Michelle W M Li, Weiliang Xia, Dolores D Mruk, Claire Q F Wang, Helen H N Yan, Michelle K Y Siu, Wing-yee Lui, Will M Lee and C Yan Cheng
The timely restructuring of the blood–testis barrier (BTB) that facilitates the migration of preleptotene and leptotene spermatocytes from the basal to the adluminal compartment in the seminiferous epithelium of adult rat testes, which occurs at late stage VII through early stage VIII of the epithelial cycle, is a crucial cellular event of spermatogenesis. However, the regulation of BTB dynamics at the biochemical level remains elusive. In this study, tumor necrosis factor α (TNFα), a secretory product of Sertoli and germ cells in rat testes, was shown to affect junction dynamics in vivo. Following an acute administration of recombinant TNFα directly to adult rat testes in vivo at 0.5 and 2 μg/testis (with a body weight ~300 g), this treatment significantly and transiently disrupted the BTB. It also transiently inhibited the steady-state protein levels of occludin, zonula occludens-1, and N-cadherin, but not junction adhesion molecule-A, α-, and β-catenin in testes at the BTB site as illustrated by immunoblottings, immunohistochemistry, electron microscopy, and fluorescent microscopy.
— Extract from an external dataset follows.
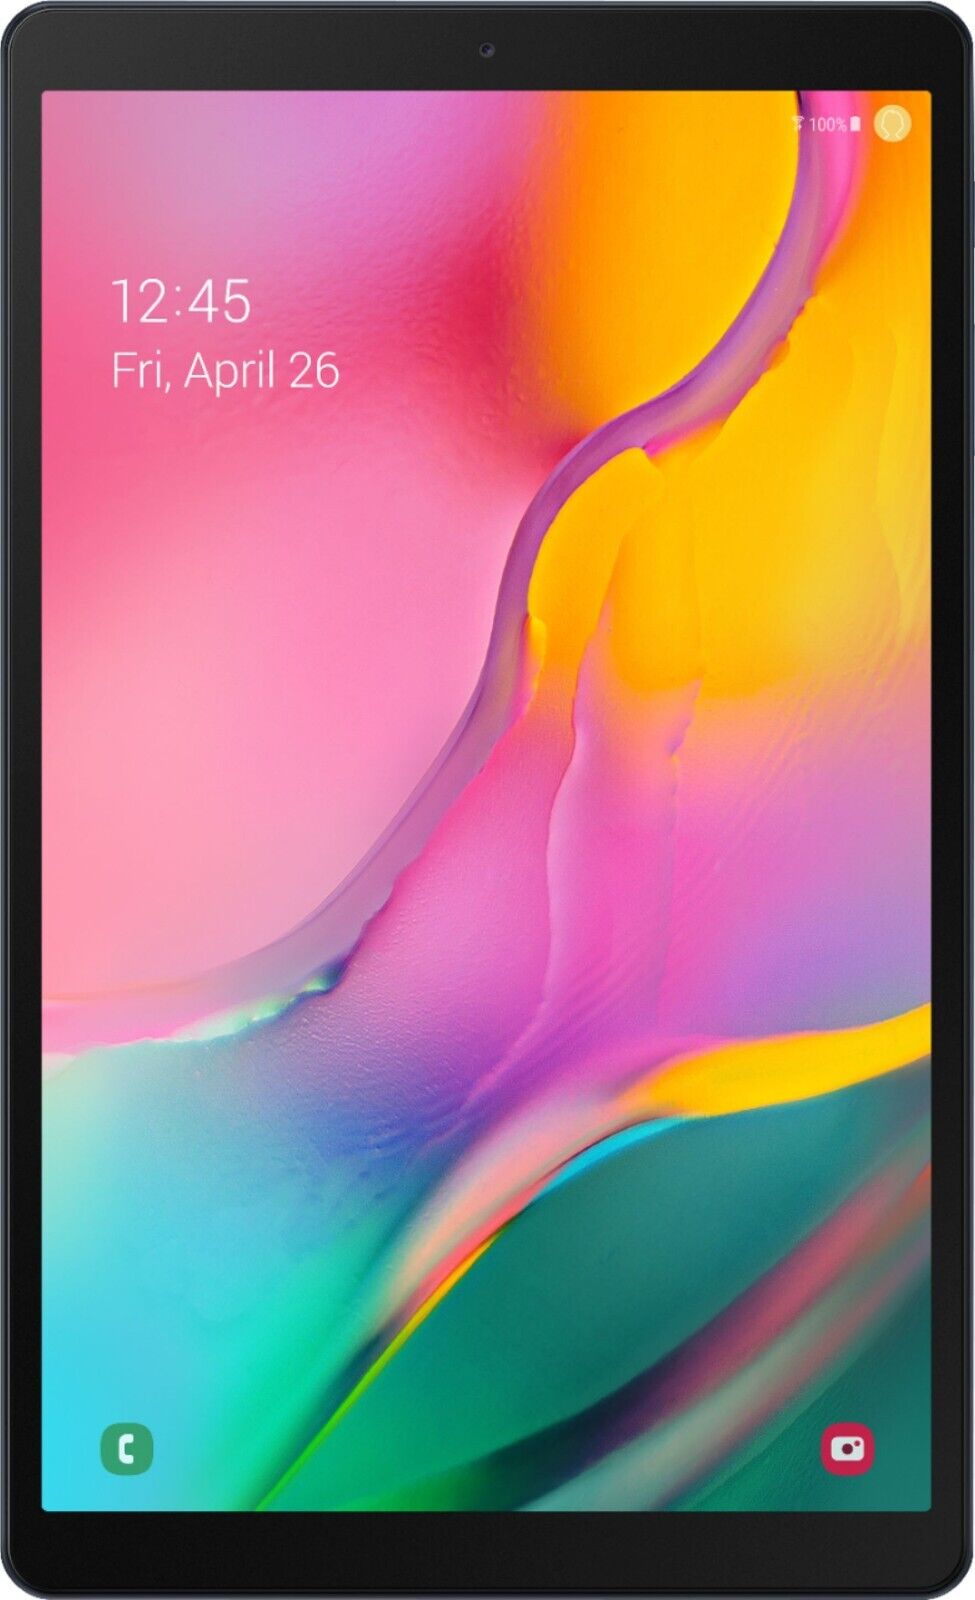 Galaxy Tab A 10.1 (2019) 32GB - Silver - (Wi-Fi)

This transient disruption of the BTB integrity induced by TNFα treatment was further demonstrated by a functional test to assess the passage of a fluorescent dye (e.g. fluorescein-5-isothiocyanate) from the systemic circulation to the adluminal compartment. Additionally, both the phosphorylated-Ser/Thr protein kinase activated by MAP kinase kinase (p-p38) and phosphorylated-externally regulated kinase (p-ERK) mitogen -activated protein kinase-signaling pathways were transiently activated. Collectively, these data coupled with the recently published in vitro studies have illustrated that the BTB is likely utilizing a novel mechanism in which localized production of TNFα by Sertoli and germ cells into the microenvironment at the basal compartment facilitates the timely restructuring (‘opening’?) of the BTB during spermatogenesis to facilitate germ cell migration.